在本申请中,不同类型的感光单元可以与电连接端转换器件的不同电连接端电连接,并且电连接端转换器件可以切换电连接通路,从而感光单元的负载电压可以被改变或调整。可选的,多个感光单元可以与同一电连接端转换器件电连接,因此可以通过数量相对较少的电连接端转换器件,实现对感光单元的负载电压的调整。
结合第一方面,在第一方面的某些实现方式中,所述感光驱动器还用于,在所述从所述多个感光单元中确定多个第一类感光单元和/或多个第二类感光单元之前,确定第一感光区域内的感光单元和/或第二感光区域内的感光单元,所述第一感光区域与所述第二感光区域为所述图像传感器的两个互不相连的感光区域,所述多个感光单元均位于所述第一感光区域内;所述感光驱动器还用于,控制所述第一感光区域内的感光单元与所述感光驱动器电连接,切断所述第二感光区域内的感光单元与所述感光驱动器之间的电连接。
在本申请中,在电池供电能力不变的情况下,通过多个批次驱动全部感光单元,有利于增加图像传感器内感光单元的数量。

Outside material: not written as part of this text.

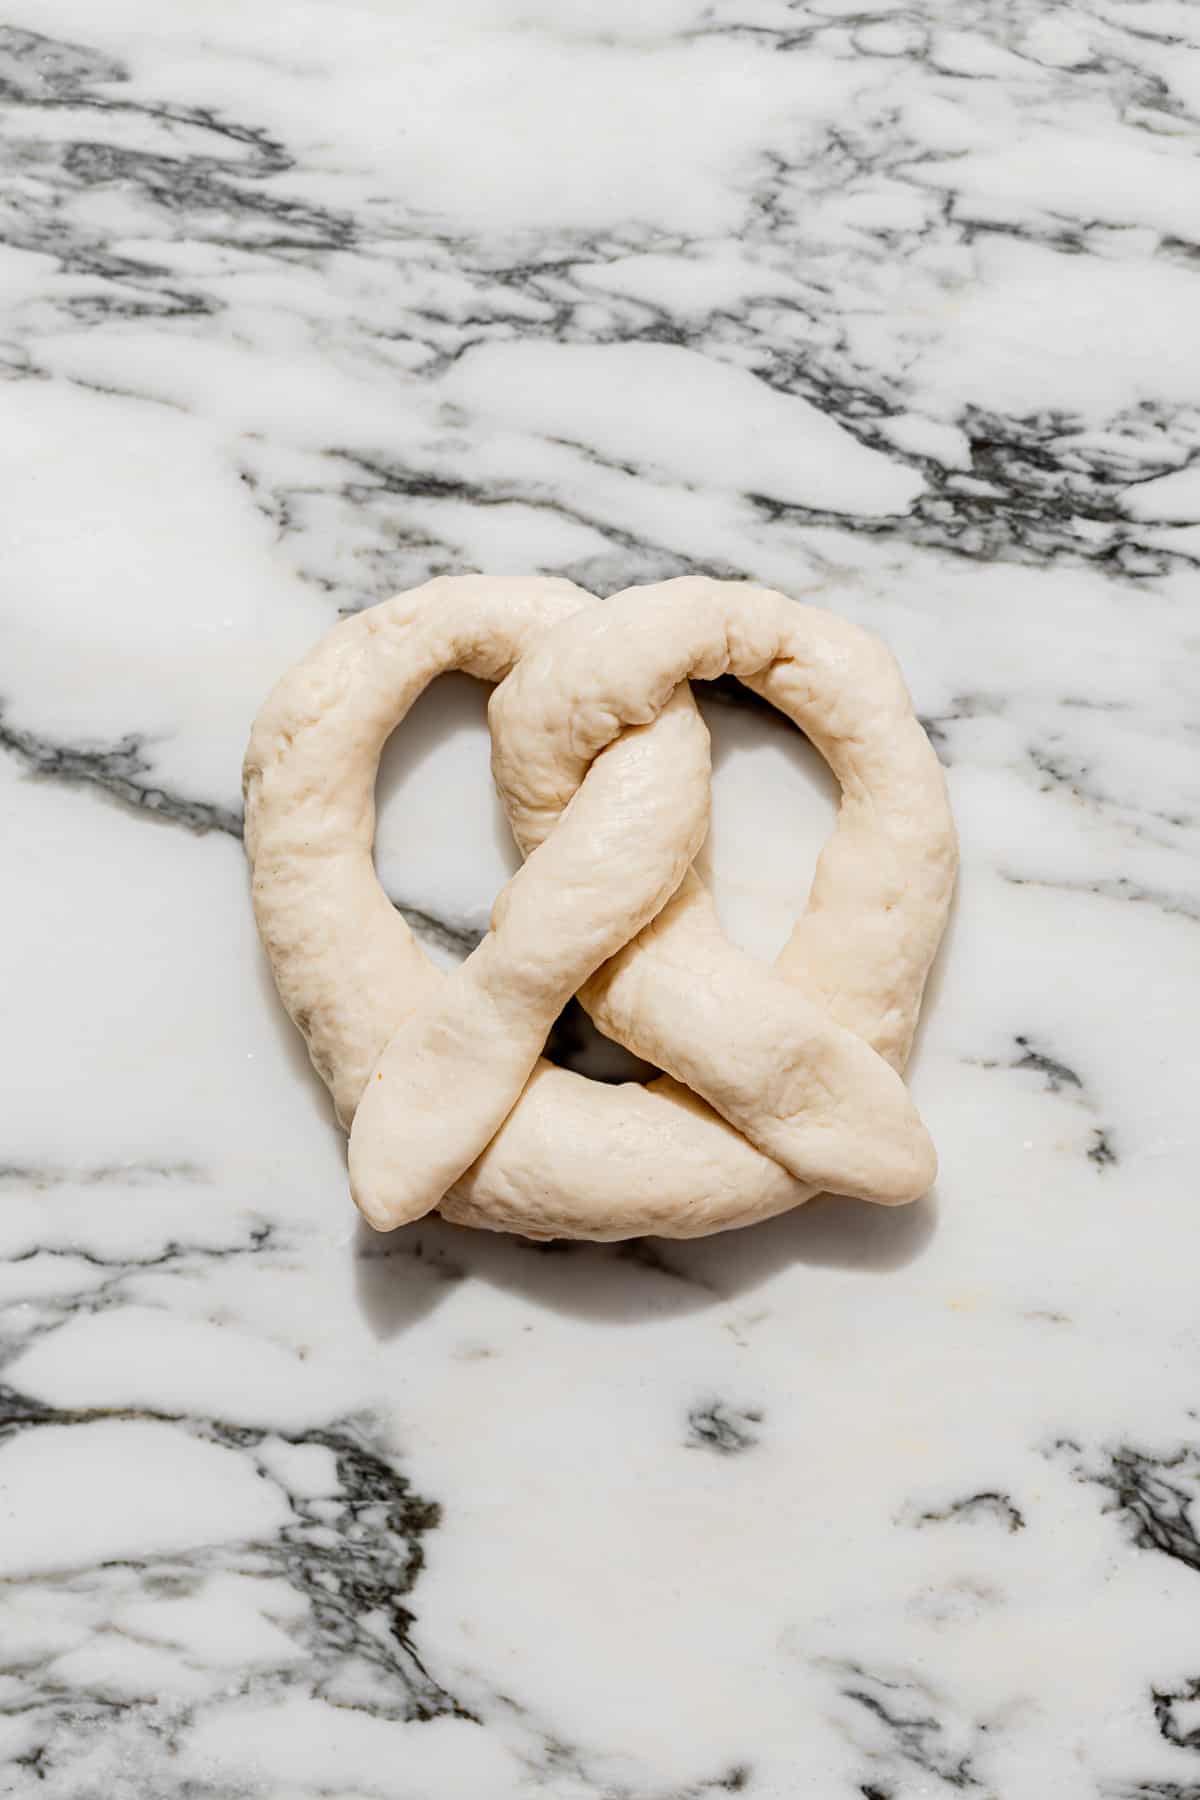 pretzel dough being shaped.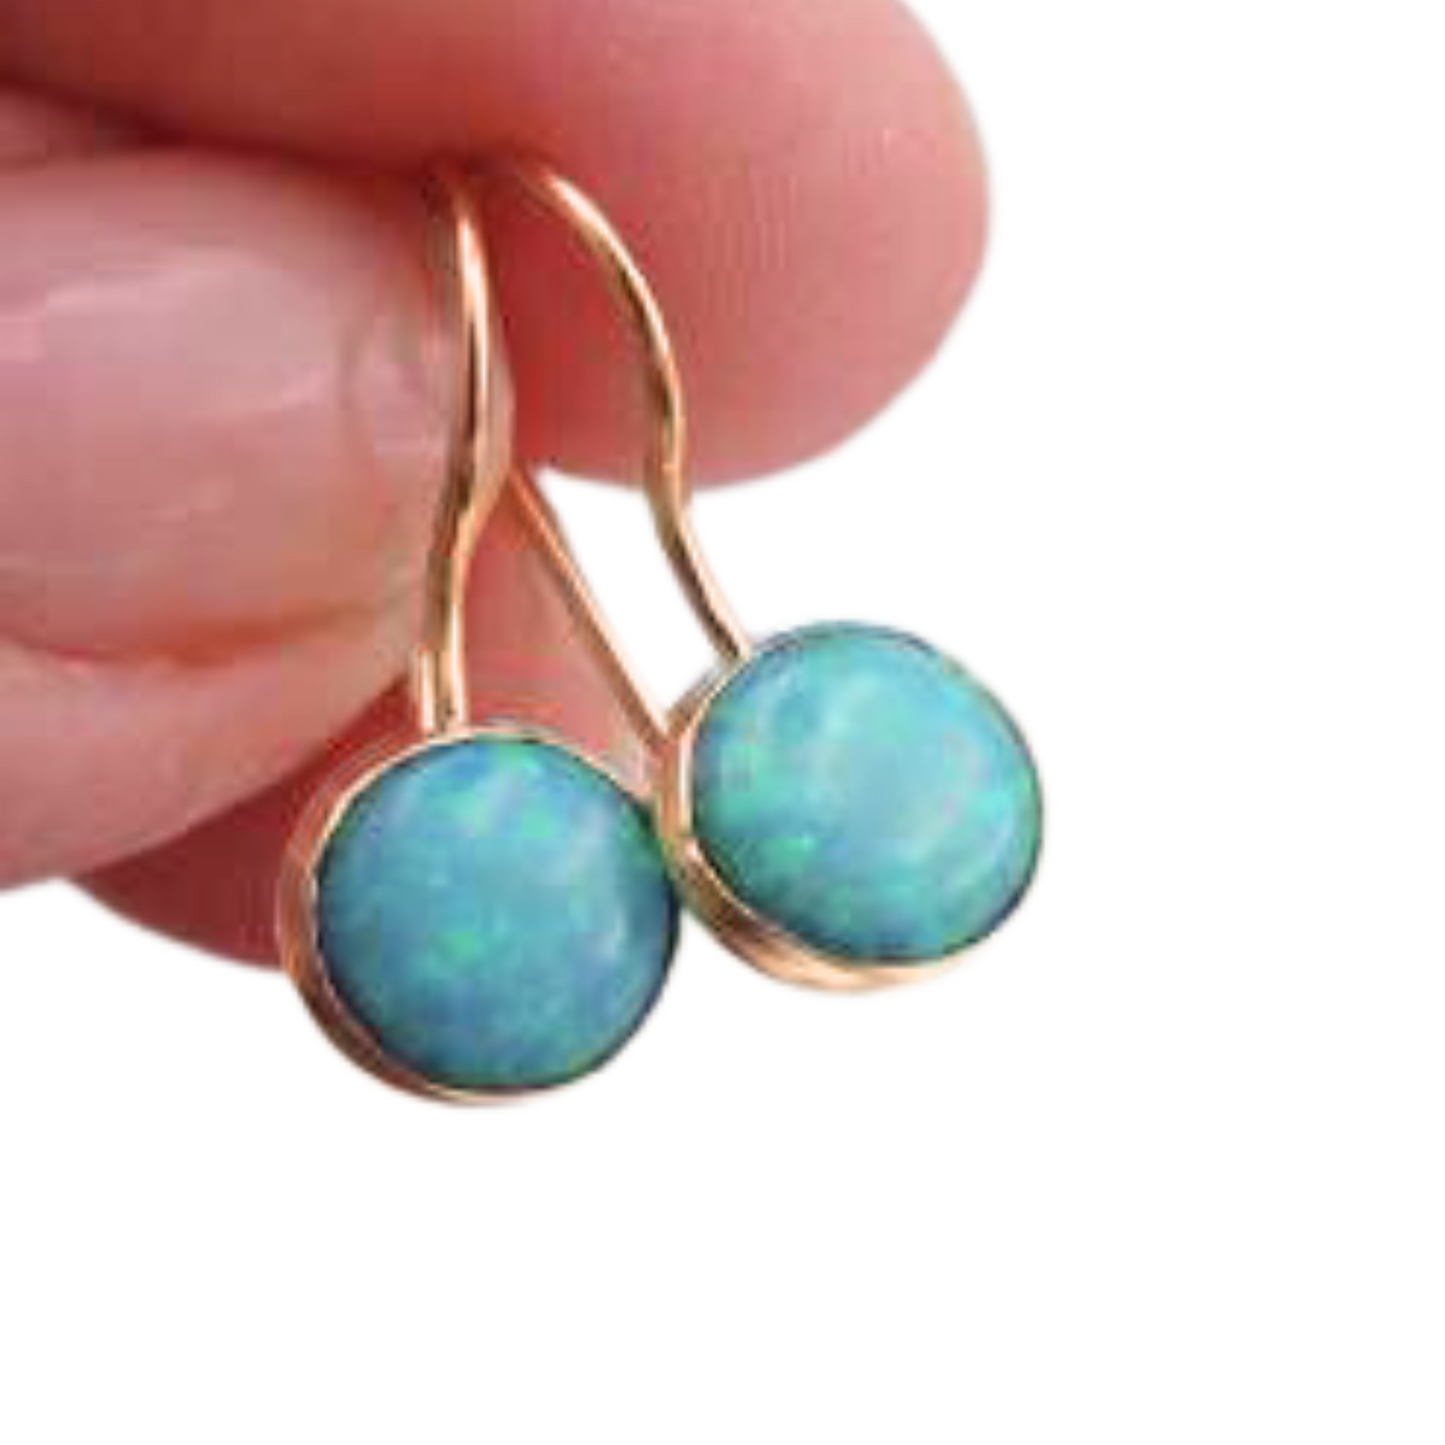 Hadar Designers Handmade Classy 9k/14k Gold 8mm Blue Opal Dangle Earrings October Birthstone

结合第一方面,在第一方面的某些实现方式中,所述图像传感器还包括:第三电连接端转换器件,所述第三电连接端转换器器件包括第七电连接端、第八电连接端、第九电连接端,所述第三电连接端转换器件用于在所述第八电连接端与所述第七电连接端导通、所述第九电连接端与所述第七电连接端导通之间切换,所述第三电连接端转换器件通过所述第七电连接端与所述感光驱动器电连接,所述第三电连接端转换器件通过所述第八电连接端与所述第一感光区域内的感光单元电连接,所述第三电连接端转换器件通过所述第九电连接端与所述第二感光区域内的感光单元电连接;所述控制所述第一感光区域内的感光单元与所述感光驱动器电连接,切断所述第二感光区域内的感光单元与所述感光驱动器之间的电连接,包括:控制所述第三电连接端转换器件切换与所述第七电连接端导通的电连接端,使得所述第七电连接端与所述第八电连接端导通、所述第七电连接端与所述第九电连接端断开。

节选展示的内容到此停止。